Yasadışı yerleşimcilerin İsrailli yetkililere tepkisi, “Sizin yaptığınızın


aynısını yapıyoruz, sadece daha açık, o zaman bizi kınamaya ne
hakkınız var?” demek oldu. Ve devletin buna yanıtı basitçe, “Sabırlı
olun ve çok fazla acele hareket etmeyin. Sizin istediklerinizi
yapıyoruz, sadece daha ılımlı ve kabul edilebilir bir şekilde” diye
oldu.

Aynı hikâye 1949’dan bu yana tekrarlanıyor: İsrail barış planının işe


yaramayacağı gerçeğinden hareketle, uluslararası topluluk
tarafından önerilen barış koşullarını kabul ediyor. Yasadışı
yerleşimciler bazen Wagner’in Walküre oyununun son perdesindeki
Wotan’a iftira atan ve kesin emrine karşı gelerek Siegmund’u
koruyarak sadece Wotan’ın, dış baskılar nedeniyle vazgeçtiği,
gerçek arzusunu hayata geçirdiğini söyleyen Brunhilde’yi
andırıyorlar. Aynı şekilde yerleşimciler de kendi devletlerinin gerçek
arzusunu hayata geçirdiklerini biliyorlar.

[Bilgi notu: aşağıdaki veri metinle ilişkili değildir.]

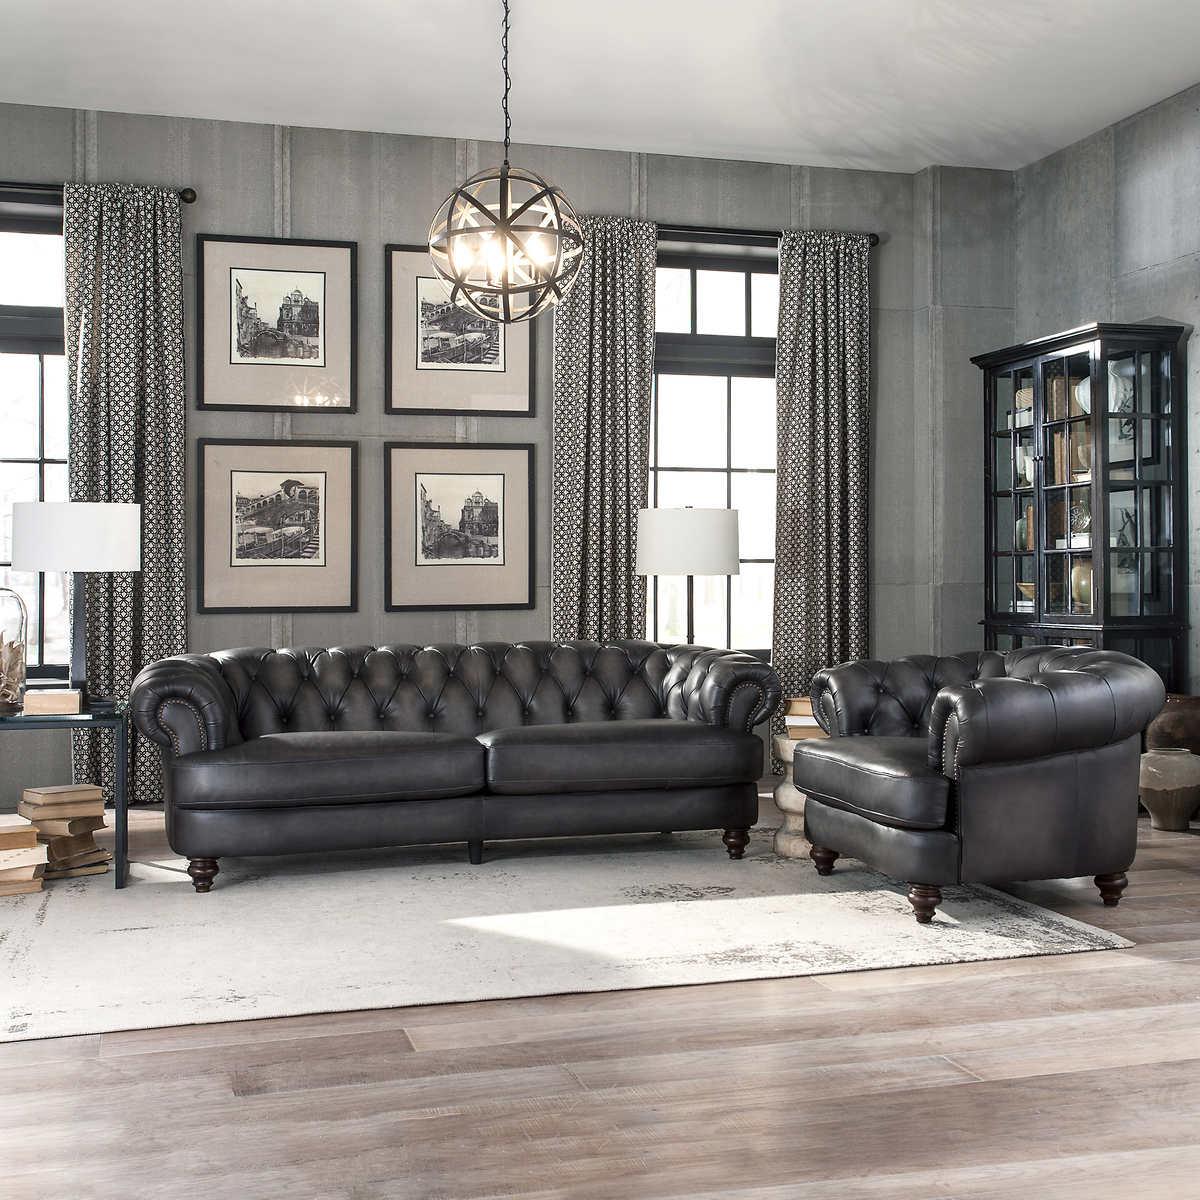 Glenbrook 2-piece Top Grain Leather Set - Sofa, Chair

İsrail Devleti, “yasadışı” yerleşimlerin şiddete kaçan aşırılıklarını


kınarken, Batı Şeria’da yeni “yasal” binaları teşvik ediyor ve Filistin
ekonomisini boğmaya devam ediyor. Filistinliler’in derece derece
kuşatıldığı ve yaşam alanlarının bölündüğü Doğu Kudüs’ün
haritasındaki değişime de şöyle bir bakmak her şeyi açıklıyor. Devlet
tarafından yapılmayan Filistin karşıtı şiddeti kınamak, gerçek sorun
olan devlet şiddetini belirsizleştiriyor; tıpkı yasadışı yerleşimleri
kınamanın yasal olanların yasadışılığını belirsizleştirdiği gibi.

İsrail Yüksek Mahkemesi’nin çok övülen tarafsız “dürüstlüğü”nün


ikiyüzlülüğü orada yatmaktadır: Ara sıra evinden edilmiş
Filistinliler’in lehine karar vererek, evlerinden edilmelerinin yasadışı
olduğunu açıklayarak, geri kalan aynı tür olayların çoğunluğunun
yasallığını garanti altına alıyor.

Tüm bunları göz önüne almaksa, asla terörist saldırılara sempati


duyulduğu anlamına gelmez. Tam tersine kişiye terörist saldırıları
ikiyüzlülüğe düşmeden kınayacak tek zemini sağlar.